Я положил на стол новому заведующему свою работу по истории русской религиозной философии, написанную, как постановила дирекция, с антимарксистских позиций. Естественно, что я, литературовед и критик по профессии, чувствовал себя не слишком уверенно, направляясь в лабораторию, профессиональная специализация сотрудников которой была столь специфична и далека от моей. К тому же общая мрачная атмосфера времени не внушала особых иллюзий и на тот счет, что моя немарксистская методология непременно придется там к месту.
Однако действительность превзошла самые радужные возможные ожидания. Как очень скоро я понял, мне уникально повезло - я попал, в сущности, в последний уцелевший еще в Москве оазис подлинно свободной мысли, свободного научного поиска и интеллигентской порядочности. Таким Василий Васильевич Давыдов стремился сделать и во многом сделал возглавляемый им тогда институт, где в 70-е годы проводились интереснейшие, поразительно свободные дискуссии и обсуждения, где в переполненных аудиториях читал свои лекции Мераб Мамардашвили и другие крупнейшие гуманитарии того времени. А уж что до лаборатории теоретических проблем психологии деятельности, то тут, после напряженного, постоянно начеку, существования в Институте истории искусств, откуда я прибыл, я сразу даже и не осознал - что это? где это я? В каком времени и пространстве?.. Здесь царила атмосфера лучших времен «оттепели» - так, как будто бы она не была давно уже позади; здесь я очень быстро ощутил, что и заведующий лабораторией Феликс Трофимович Михайлов, и Владимир Соломонович Библер, и Анатолий Сергеевич Арсеньев, составлявшие старшее ядро сектора, и молодые сотрудники и аспиранты - все это совершенно свои для меня люди, как и я, похоже, для них - свой. Во всяком случае, четыре года, проведенные в стенах института, я до сих пор числю одними из самых удачных и плодотворных в своей судьбе.

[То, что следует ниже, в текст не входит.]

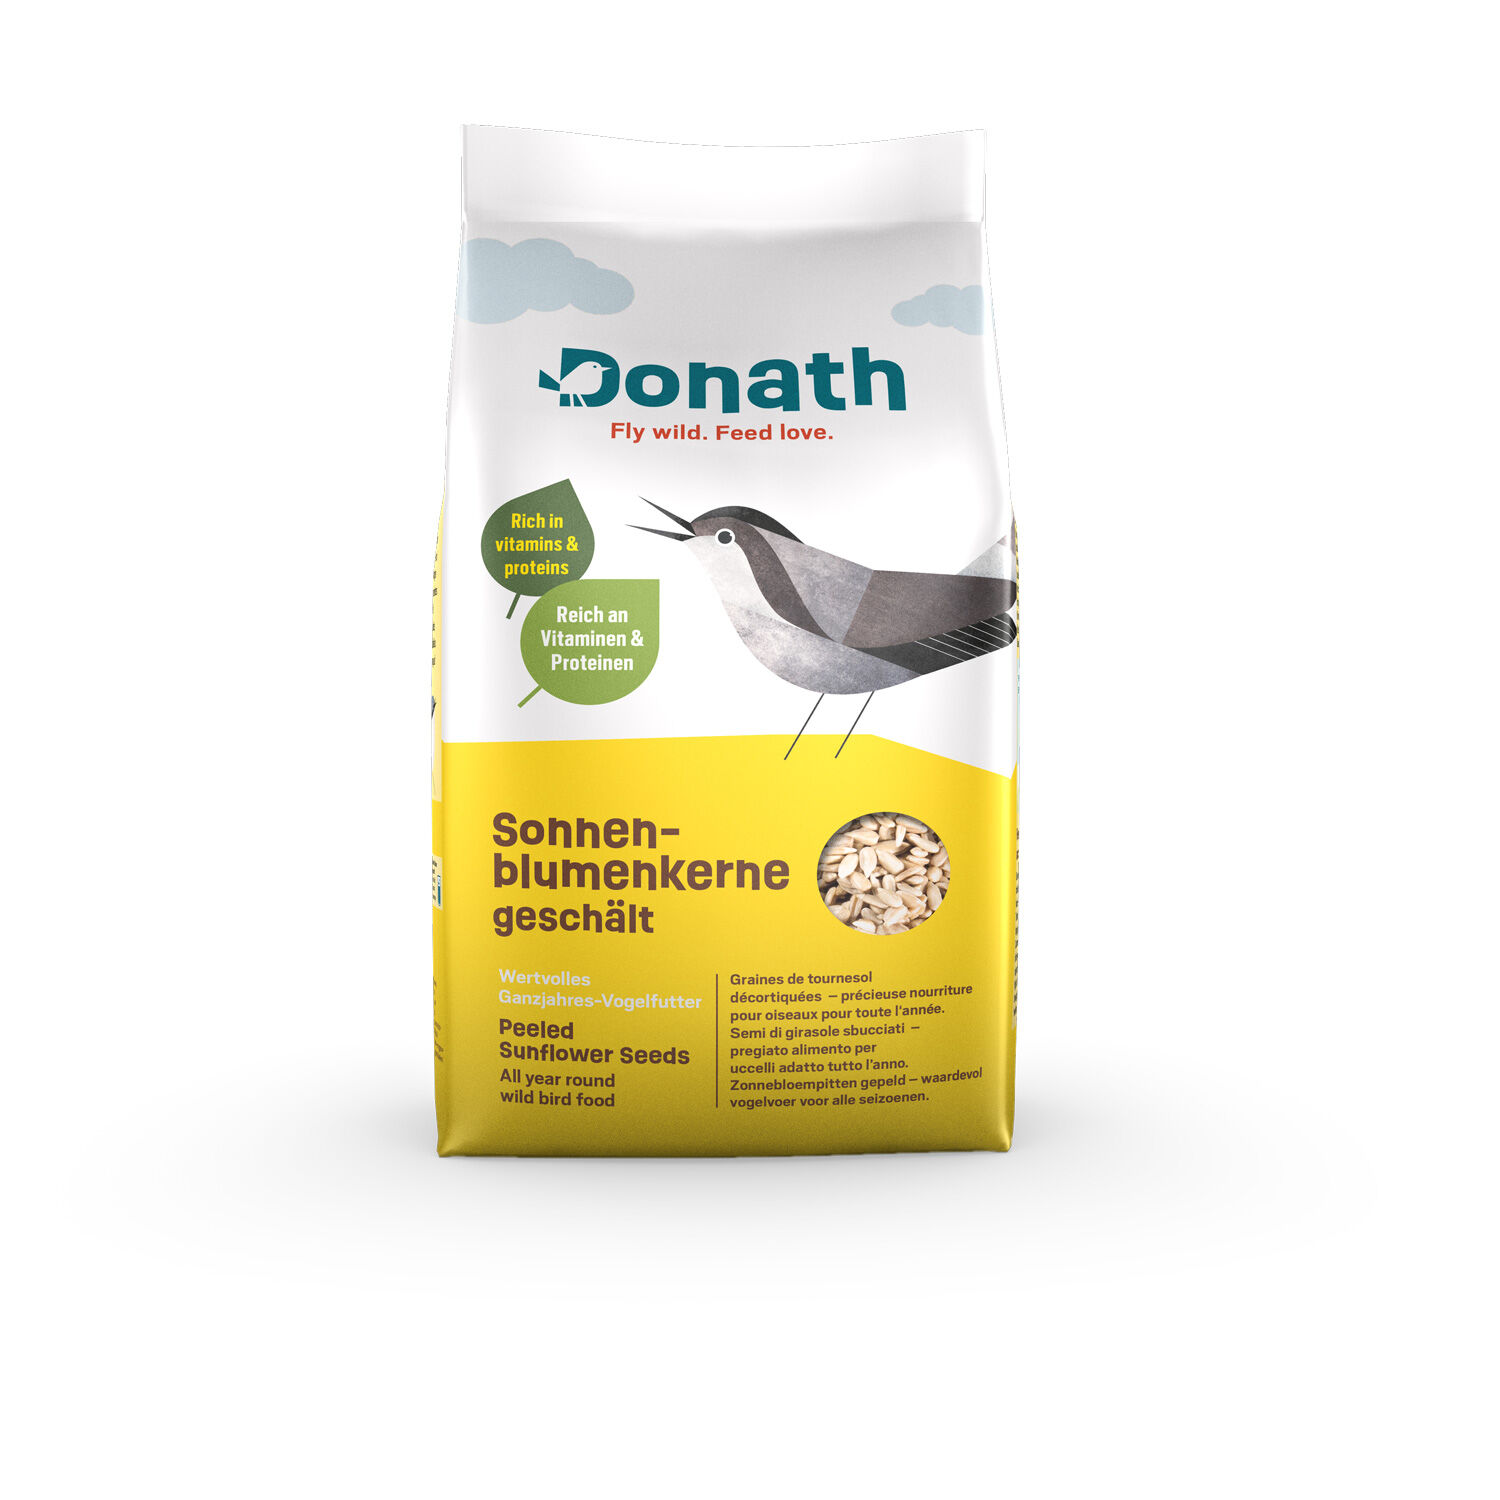 Donath-Sonneblumenkerne-geschaelt-Ganzjahresfutter-fuer-Wildvoegel-45-74005

Здесь и вошел в мою жизнь Анатолий Сергеевич Арсеньев, с которым мы как-то особенно в эти годы сблизились, несмотря на разницу в возрас-
те и жизненном опыте: Анатолий Сергеевич прошел всю войну, тогда как мне не исполнилось еще и пятнадцати лет, когда она окончилась. Характер исследовательских поисков, которые вел Анатолий Сергеевич, существо проблем, которыми он не просто занимался, а поистине жил, - все это оказалось так близко мне, так перекликалось с моими поисками и проблемами, что общение с ним стало для меня одной из непременных и важных потребностей тогдашней моей жизни.
Меня очень привлекала его концепция антропогенеза как органической самостановящейся системы, развитие которой происходит под воздействием двойной детерминации - причинной, обусловленной всем прошлым и наличным состоянием системы, и целевой, из будущего, заданной и задаваемой ей направляющим ее эволюцию Разумным Центром Мира. Такая модель развития человека и человечества совершенно недвусмысленно и твердо опиралась у А. С. Арсеньева на религиозное видение Мира, что он не только не скрывал, но всячески акцентировал. И это в те-то годы позднего «застоя», когда репрессивный маразм доживающего свой век коммунистического тоталитаризма эволюционировал отнюдь не в сторону какой-либо старческой бессильной терпимости! Скорее - неуправляемой старческой злобности.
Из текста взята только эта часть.